Dr. Suzanne B. Phillips

Licensed Psychologist, Psychoanalyst, Diplomate in Group Psychology, Certified Group Therapist, Author, Radio Host and Media Consultant Covering a Wide Range of Psychological Topics

Post: Your Garden: A Safe Place for Mind, Body and Spirit

In a recent phone survey on the effects of  Corona Virus on New Yorkers by Sienna College Research Institute, an interviewer reported an older woman saying that the only good thing about her day was “ venturing outside and seeing a single flower blooming.”

In this unthinkable time of the Corona Pandemic, one safe place is being in nature – in your garden. Whether it is tending a potted plant, planting vegetables or just sitting near the daffodils and watching birds – you are in a safe place for mind, body and spirit.

We have been gardening for a long time. The Orto Botanico di Padova is a botanical garden in Padua, in the northeastern part of Italy. Founded in 1545 by the Venetian Republic, it is the world’s oldest academic botanical garden that is still in its original location. Perhaps this proclivity to garden reflects our primal urge to commune with nature, a sense of awe at beauty beyond our capacity to create, an ability to feel peaceful instead of frightened or isolated.

“How deeply seated in the human heart is the liking for gardens and gardening.” — Alexander Smith

The Benefits of Gardening

A meta-analysis by Soga,Gaston and Yamora reveals  increasing evidence that gardening provides substantial human health benefits. Studies report a wide range of health outcomes, as reductions in depression, anxiety, and body mass index, to increases in life satisfaction, quality of life, and sense of community.
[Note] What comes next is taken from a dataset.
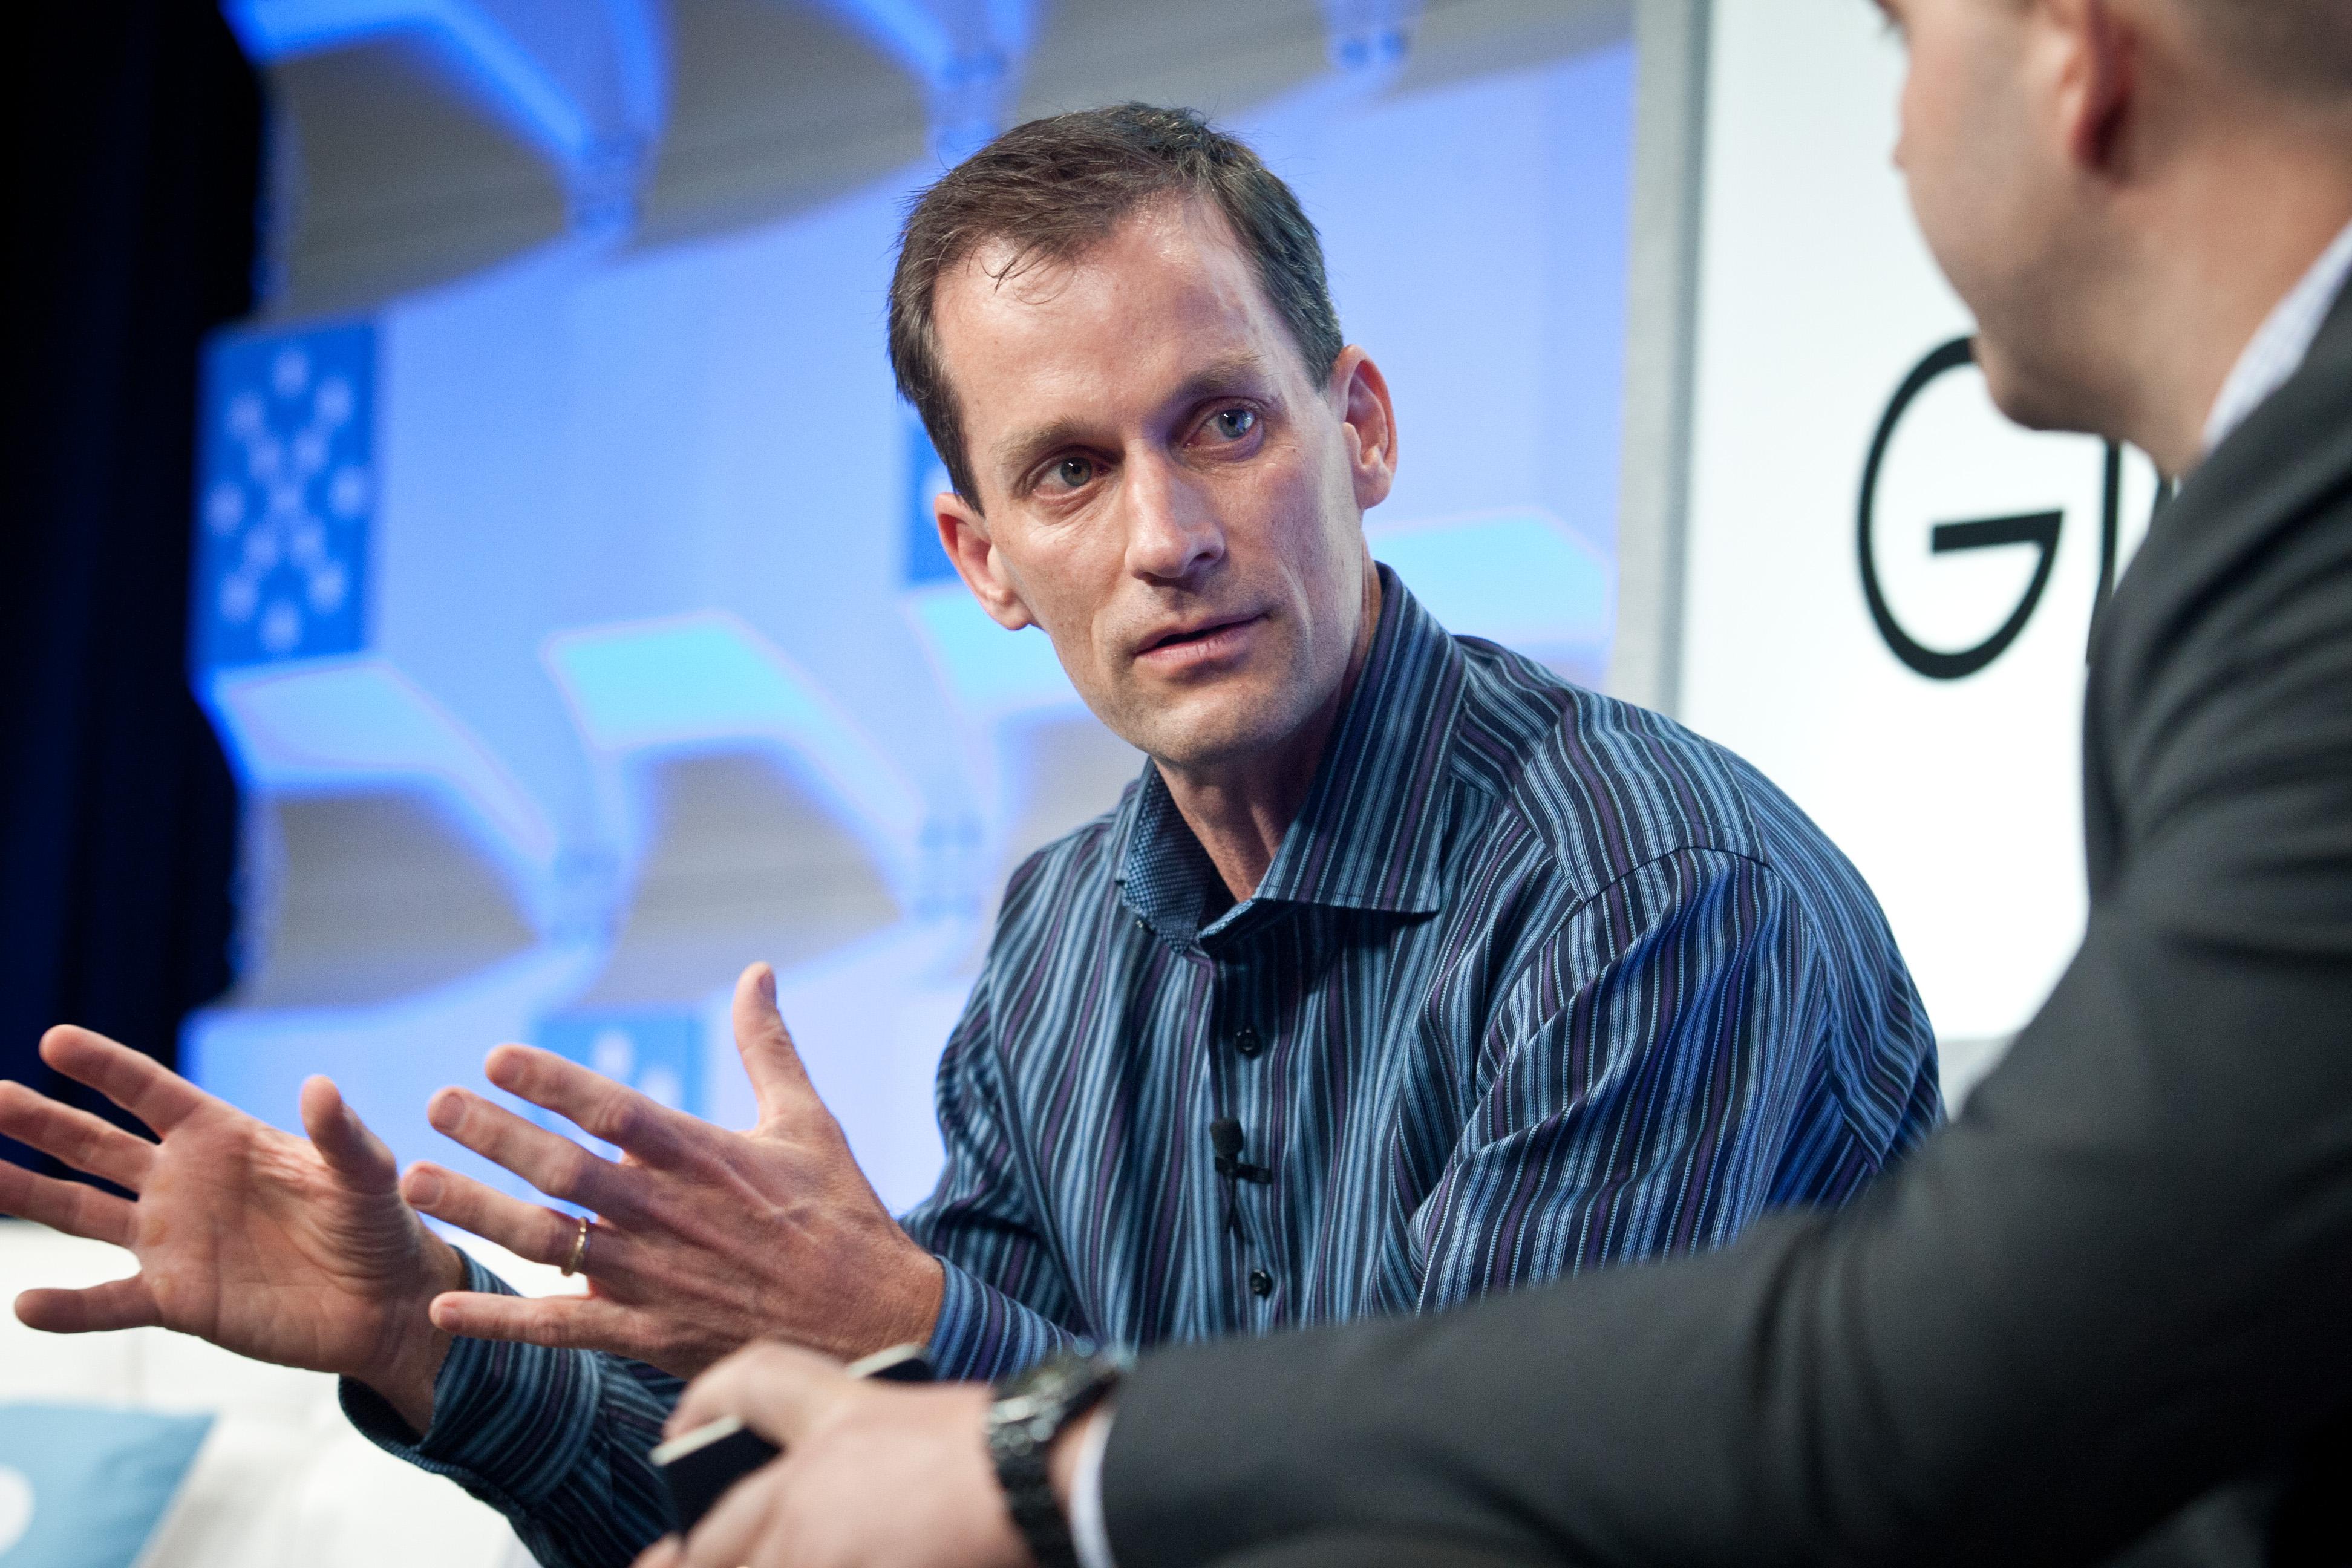 Jeffrey Dean - Google Fellow, Google
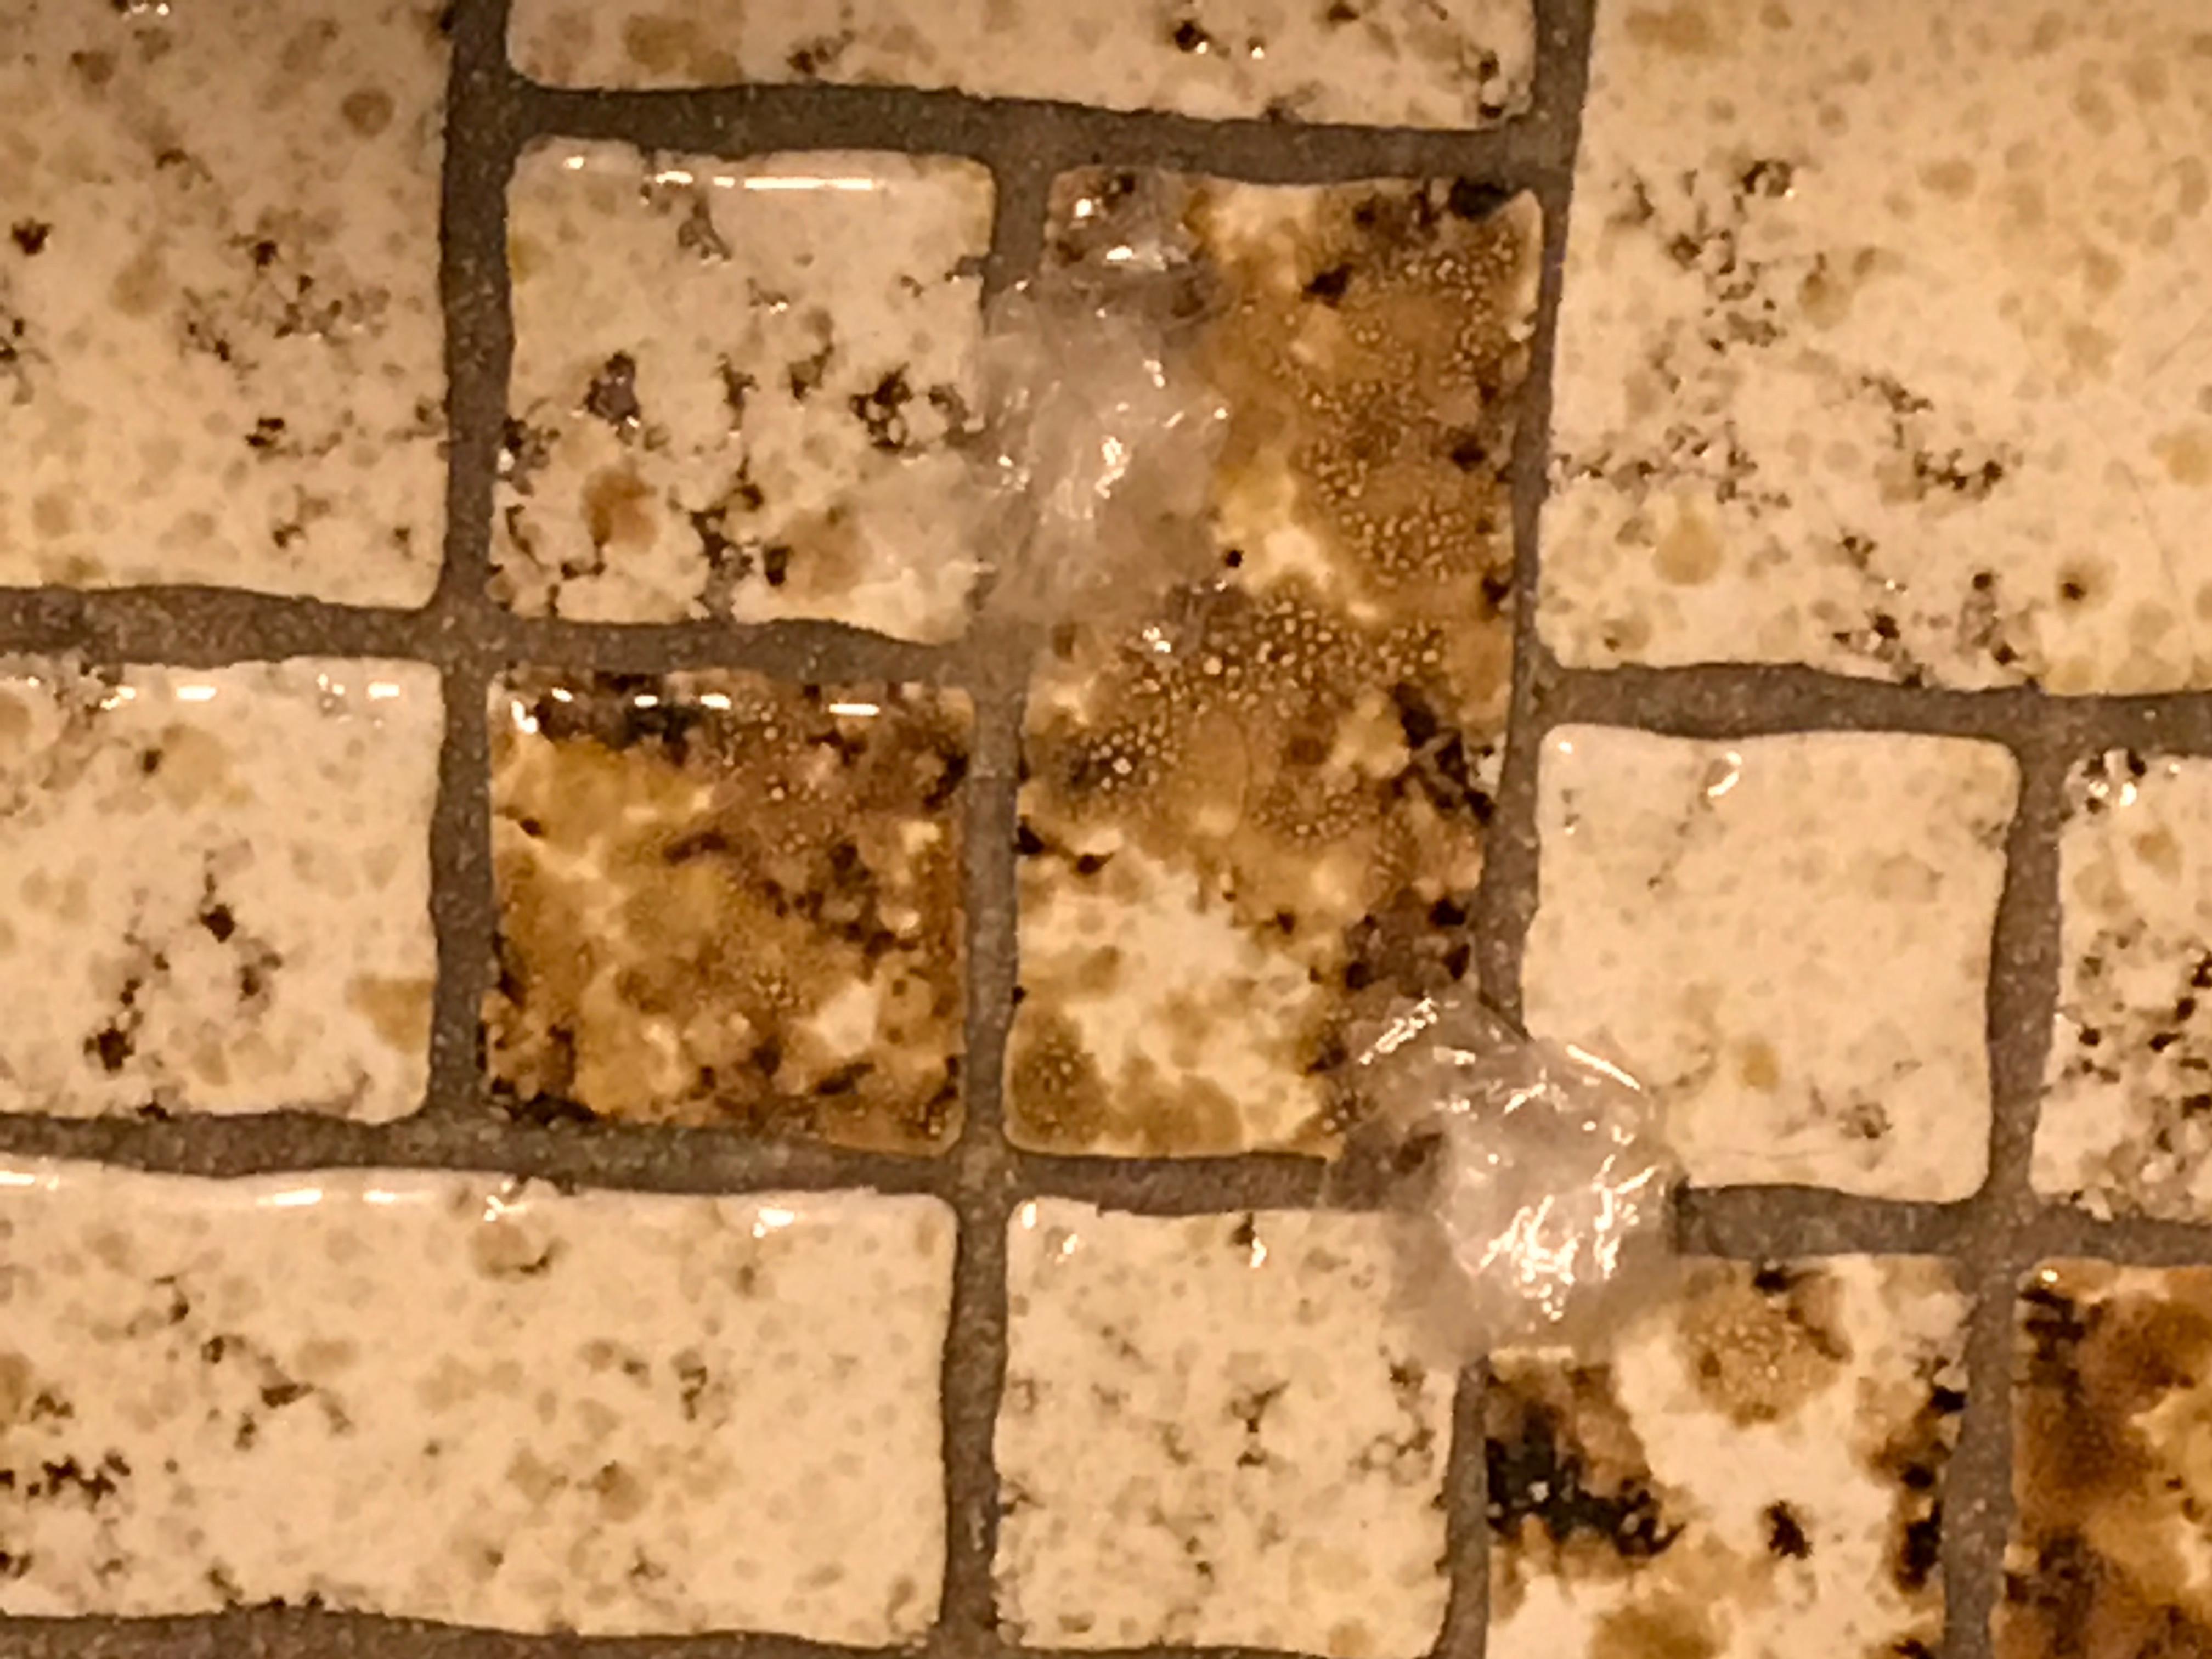 Little baggies- appear drug bags

Gardening to Deal With Traumatic Events

When you consider some essential characteristics of gardening in counter-position to  the impact of traumatic events on our core self, it seems that gardening may serve as a unique source of ongoing regulation as well as restoration and healing. Consider…

From Vulnerable to Verdant

In face of traumatic events, be they the loss of a loved one to illness or the devastation from a pandemic, we feel a profound sense of powerlessness. We are robbed of a familiar self who knows how to problem solve, move, help, and protect those we love.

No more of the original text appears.